Installation Instructions
Michael from Kirkwood, MO
Gas Dryer would not ignite
1. Removed lint screen and holder frame. Unplugged the electrical cord and closed the gas valve in the line before it goes into the dryer.
2. Removed two bolts at bottom front of machine and took off the bottom front panel.
3. Removed three bolts from black plastic exit vent and took it out to give more room to access everything.
4. removed two wires and screws on the limit thermostat. Did the reverse to place the new one.
5. Removed wires (remembering placement), then holder screw. rotated the Gas Dryer Sensor counter clockwise to release the bottom tab so the sensor can be taken off the flame tube. Did the reverse to place the new one on.

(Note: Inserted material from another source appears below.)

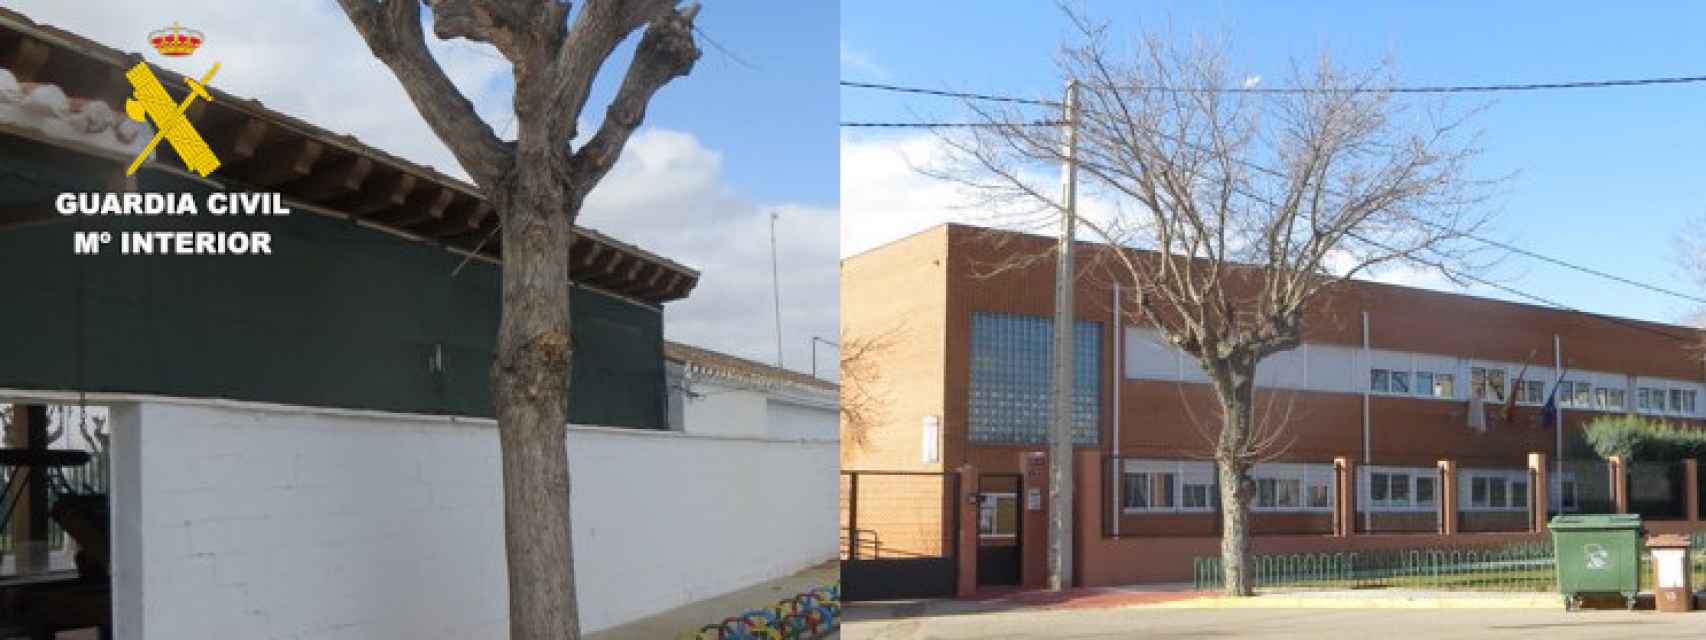 Fotomontaje con los exteriores de la piscina municipal y el colegio de Barrax (Albacete).

6. Removed the one screw on the gas/flame tube that holds the bracket and igniter inside the flame tube. Removed the wires fro the igniter (remember placement) Slid the whole assembly toward the back of the machine to get the tube off the gas valve then rotated the whole assembly counter-clocwise to release the tab on the left side of the bracket. This was a little tight and had to work with it a bit to get the tab out and slide the whole piece out of the flame tube.
7. Once the tube and igniter were out i removed the scree that holds the igniter and replaced with the new one. Made sure no dust, etc. was in the piece.
8. Did the reverse to place the tube/igniter back into the flame tube.
9. Carefully and forcefully removed the wire connectors to the two coils. These were tough to get off. Removed the two screws that hold the bracket that holds the two coils in place. Slid the coils off the spindles remembering which one has the two wire connection and which one has the three wire connection and the way they went on. Replaced the old with the new. Placed the bracket onto the new coils and made sure the little bumps on the top are in the holes in the bracket. Tightened the screws to hold the coil bracket. Reattached the wire connectors to the coils making sure they go ALL the way back on.
10. Vaccumed everything I could to get lint, dust, etc. out.
11.Replaced the black vent plastic.
12 Made sure the exit vent on the back was not crimped or clogged. Checked the little flap door where the vent goes outside to make sure it opens and closes super easy to no air flow is restricted.
13. For testing I left the bottom panel open. Make sure you closed the door, reconnect the plug and turn the gas valve back on. Hit the go button on autodry or timed dry. The door must be closed to create the closed circulation of the system so the fan sucks the flame into the tube otherwise the flame will not fire deep into the tube and will set off one fo the overheat sensors. After hitting the go button your drum will start to rotate, then a few seconds later you'll hear a click and your igniter will start to burn bright orange. Another click and the gas should flow and ignite.
14. This shows that you've fixed the ignition problem. I just replaced everything I thought that could be wrong in stead of hunting and trial and error. All the parts were about $137 so I thought it was worth making sure.
15. IMPORTANT: If during your test the flame turns off after a little while then turns back on only to turn off again, don't panic. This happened to me as well. I found that you need to run the dryer with wet clothes in the dryer. The wetness in the clothes will keep the autodry sensor from shutting off the dryer since there will be moisture in the exhaust. If it's on timed dry the wet clothes will cool the exhaust air and keep the overheat sensors from turning the heat off. So no heating of dry clothes to get out wrinkles. Just dry the wet clothes. This is all I did and it's been working great so far. Good Luck!